The position of the NPP was contained in a statement signed and issued by the Director of Communications, Nana Akomea, in Accra yesterday.
Serious breach of Constitution
“President Mahama’s acceptance of an expensive vehicle from a government contractor who had met him to solicit for government contracts and subsequently obtained government contracts breaches the national Constitution and CHRAJ’s own guidelines on gift-taking and conflict of interest and clearly amounts to a bribe,” the party said.
The facts of the matter, the party said, had one summary and that was the fact that President Mahama, the topmost public servant in Ghana, received an expensive present from a contractor who was in a contractual engagement with the President’s government.
That summary, the NPP posited, was supported by the facts that after unsuccessful efforts to secure a contract from the Government of Ghana, the contractor met and sought assistance from then Vice-President Mahama.
“After this meeting and striking up of friendship, the contractor secures three contracts from the Government of Ghana in the two-year period after meeting then Vice-President Mahama,” it maintained.
The NPP contended that the cost and priority appropriateness of the first contract, which was the construction of a wall at the Ghana High Commission in Burkina Faso, raised adverse concern at the office of the Auditor-General of Ghana and in the Parliament of Ghana.
Violation of the President’s own code of ethics
By receiving the expensive gift, the NPP said President Mahama violated the Constitution of Ghana and every other provision, code and regulation guiding the conduct of public officials so they avoid real or the perception of kickbacks, bribery and abuse of office.
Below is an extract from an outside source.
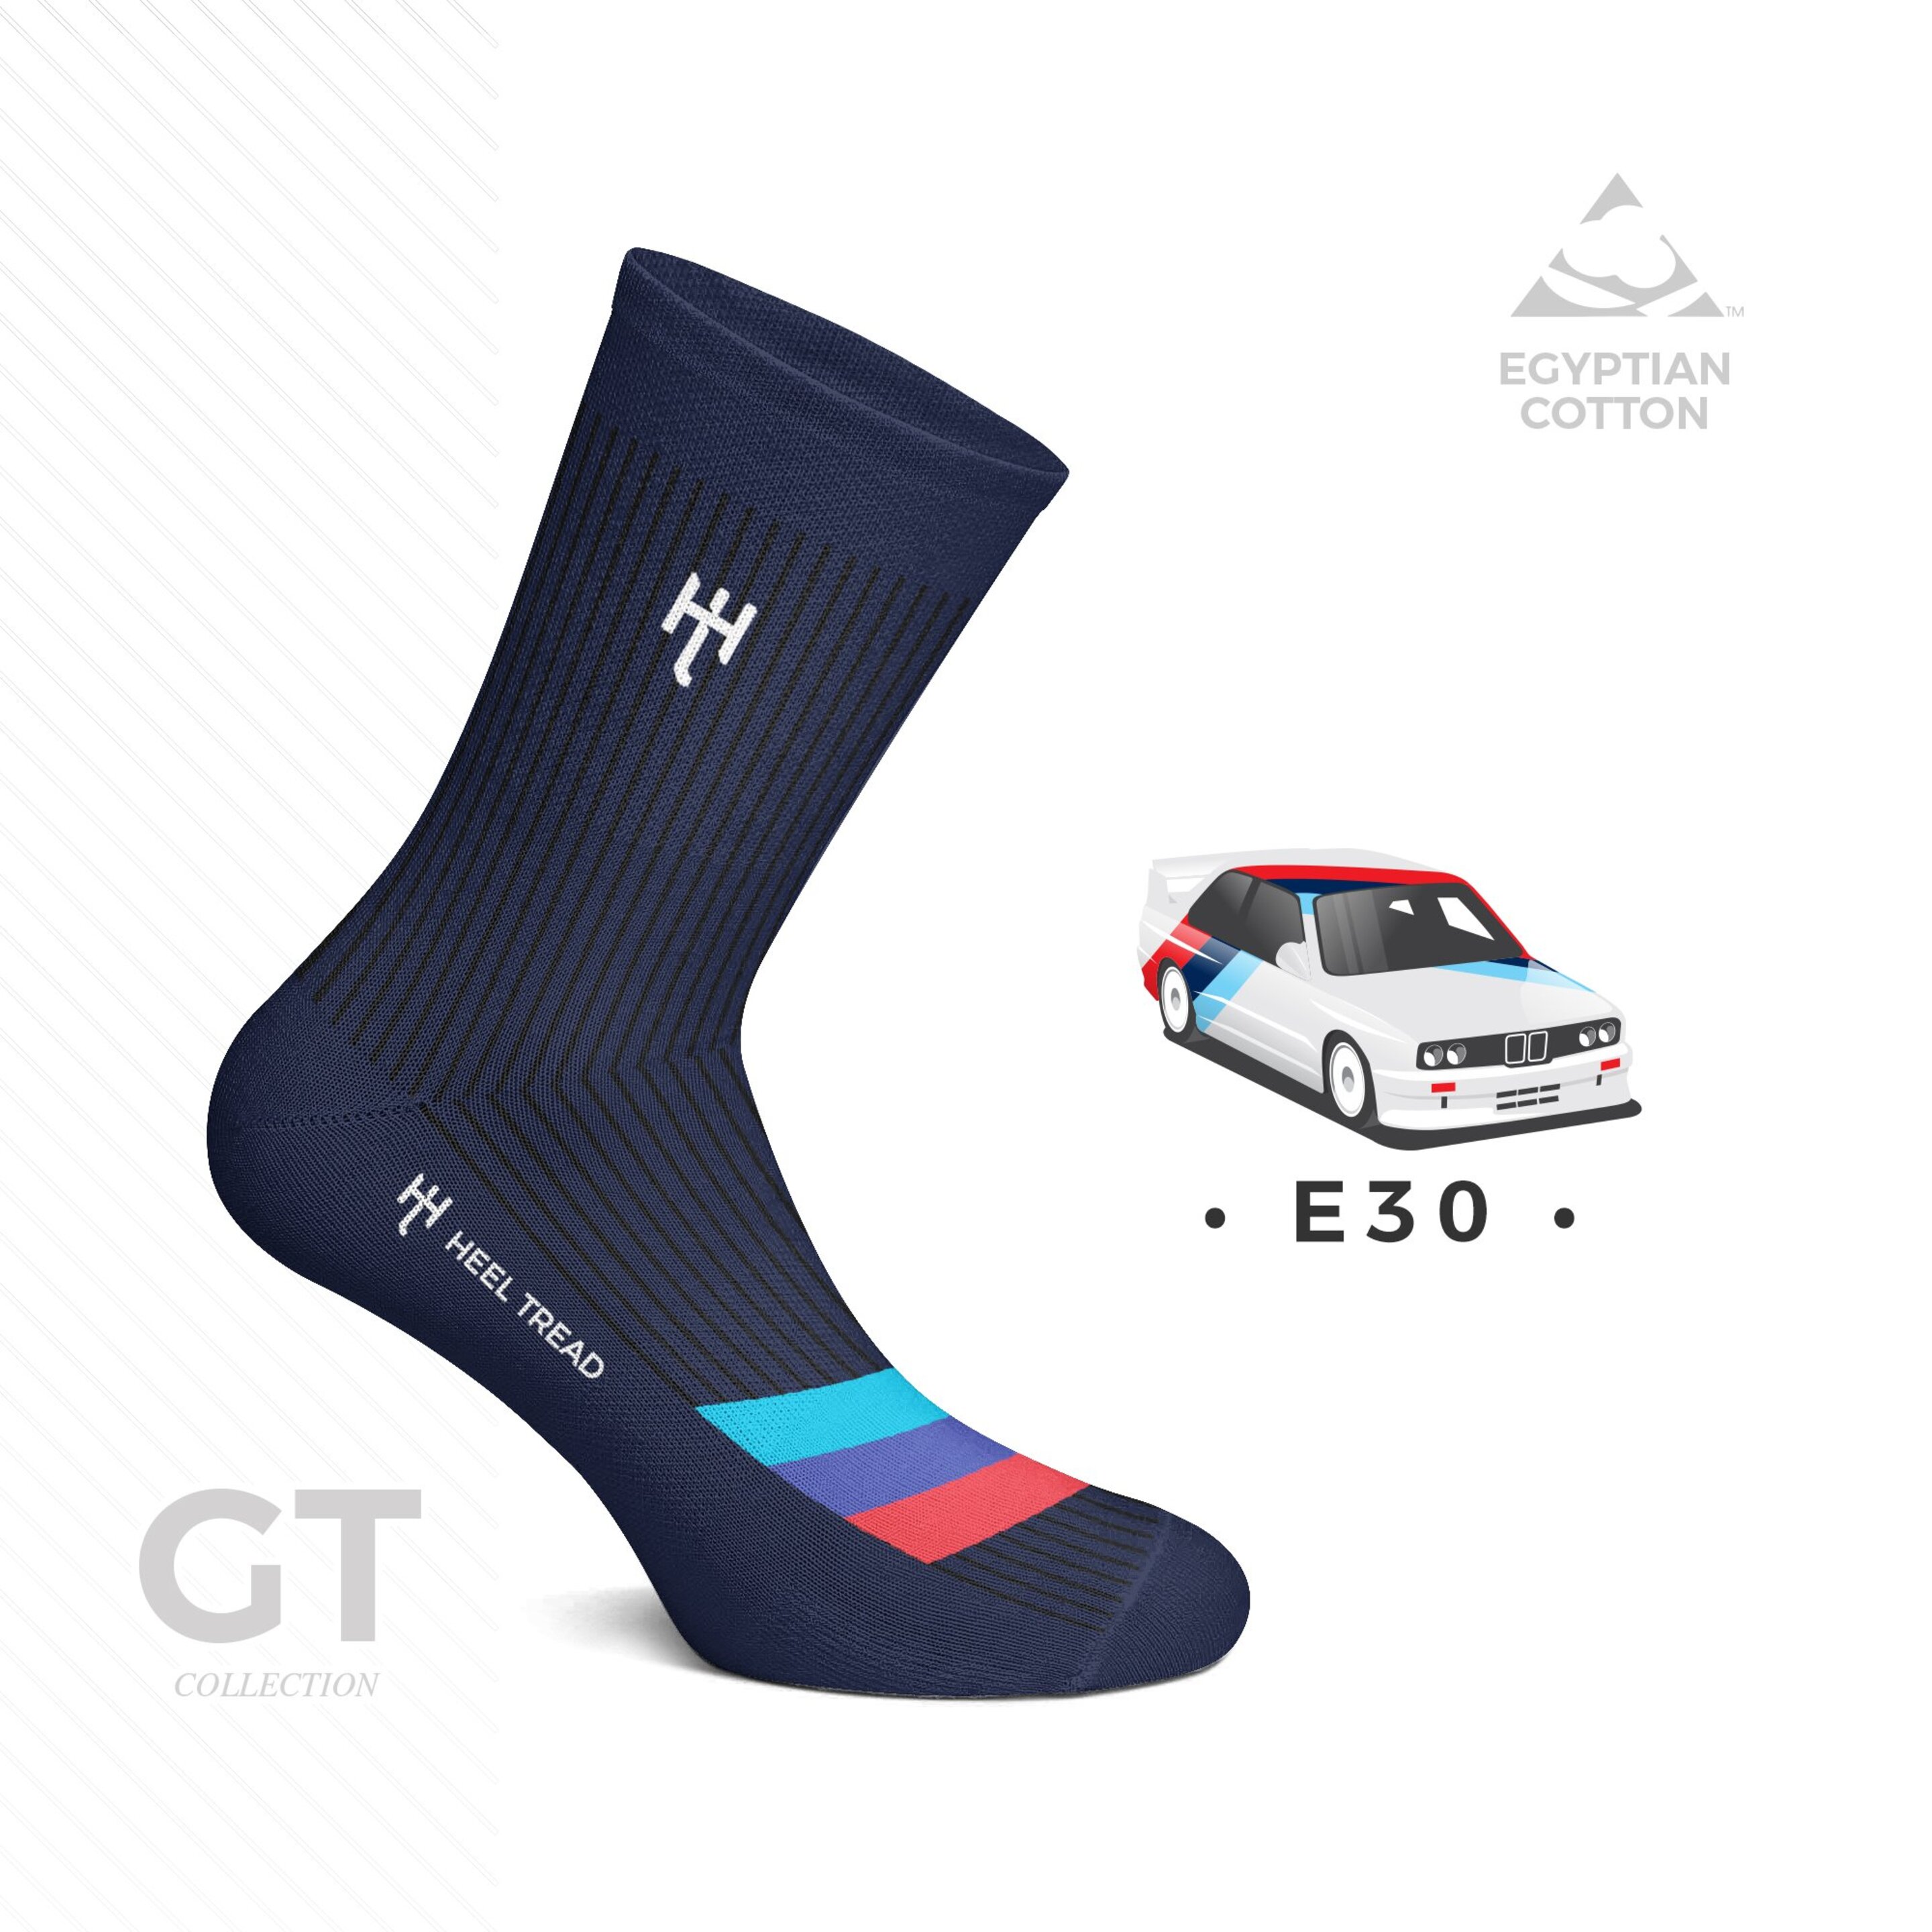 E30 Gt Socks

“Perhaps the most instructive of these violated codes is that of President Mahama himself. President Mahama’s code of ethics issued to his ministers and appointees forbids them from accepting gifts of more than $50, from accepting gifts from a commercial enterprise or any other organisation and putting themselves in a conflict of interest situation where their personal friends derive some financial benefit from a decision by the government,” the party insisted.
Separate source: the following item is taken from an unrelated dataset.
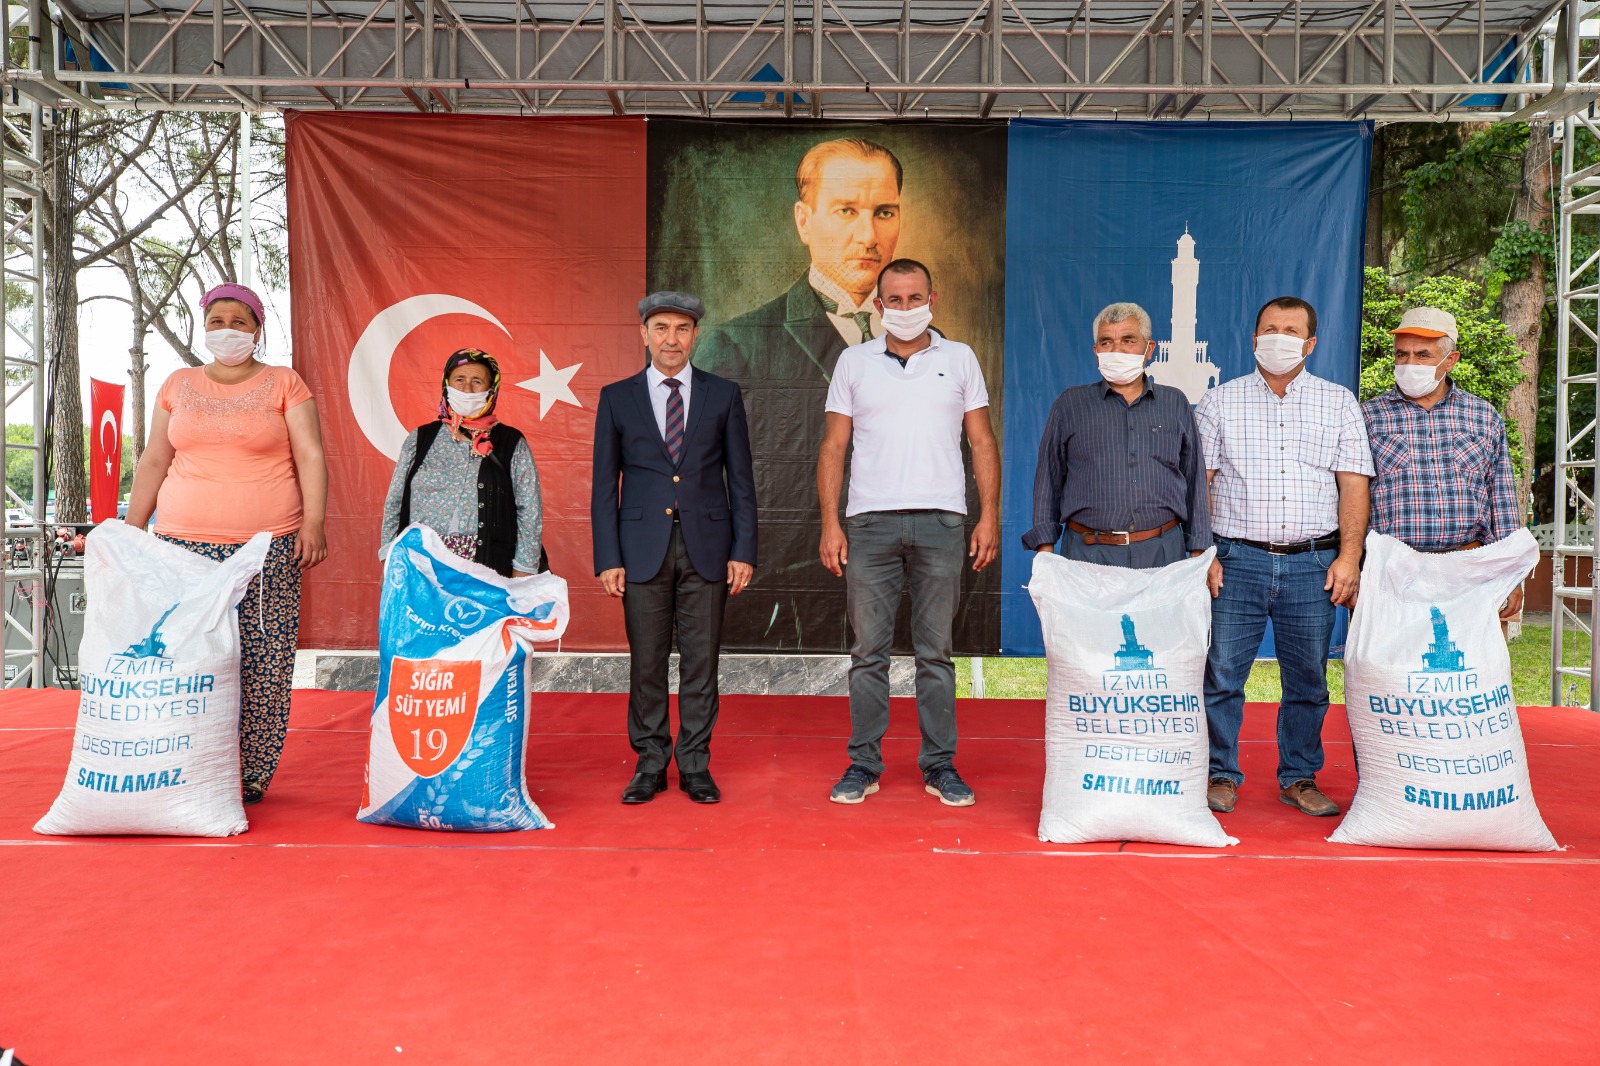 İzmir Büyükşehir Belediyesi’nden köylüye ilk defa yem desteği

According to the NPP, an objective review of President Mahama’s conduct in the light of those provisions showed clear wrongdoing and that the President took a high value gift from a contractor who met him to solicit for government contracts and was subsequently awarded contracts.
“This is an open and shut case of wrongdoing, bribery and corruption,” it added.
CHRAJ admits but…
The CHRAJ report, the NPP said, concluded that President Mahama was in no conflict of interest situation as there was no evidence that he took part in decisions to award contracts to his contractor friend and that when it came to his attention, he handed over the vehicle gift to the state of Ghana.
“Both these two basis of the CHRAJ are clearly flawed. How do we decide that the President was not complicit in the decision by his appointees to award contracts to his friend? The guidelines mentioned above say it is sufficient to show that gifts were taken from a contractor, who after meeting then Vice-President Mahama, got substantial contracts from the government. The gifts, per these circumstances and the guidelines, qualify as a bribe or a kickback,” the party said.
The second basis for CHRAJ’s conclusion that when it came to the President’s attention, he immediately turned the gift to the state is also contestable, just by looking at the simple facts of the case.
The NPP also argued that it was trite knowledge that customs duties were not paid on state vehicles and that the President of Ghana also did not pay taxes and, therefore, questioned on whose behalf and for what purpose the duty was paid.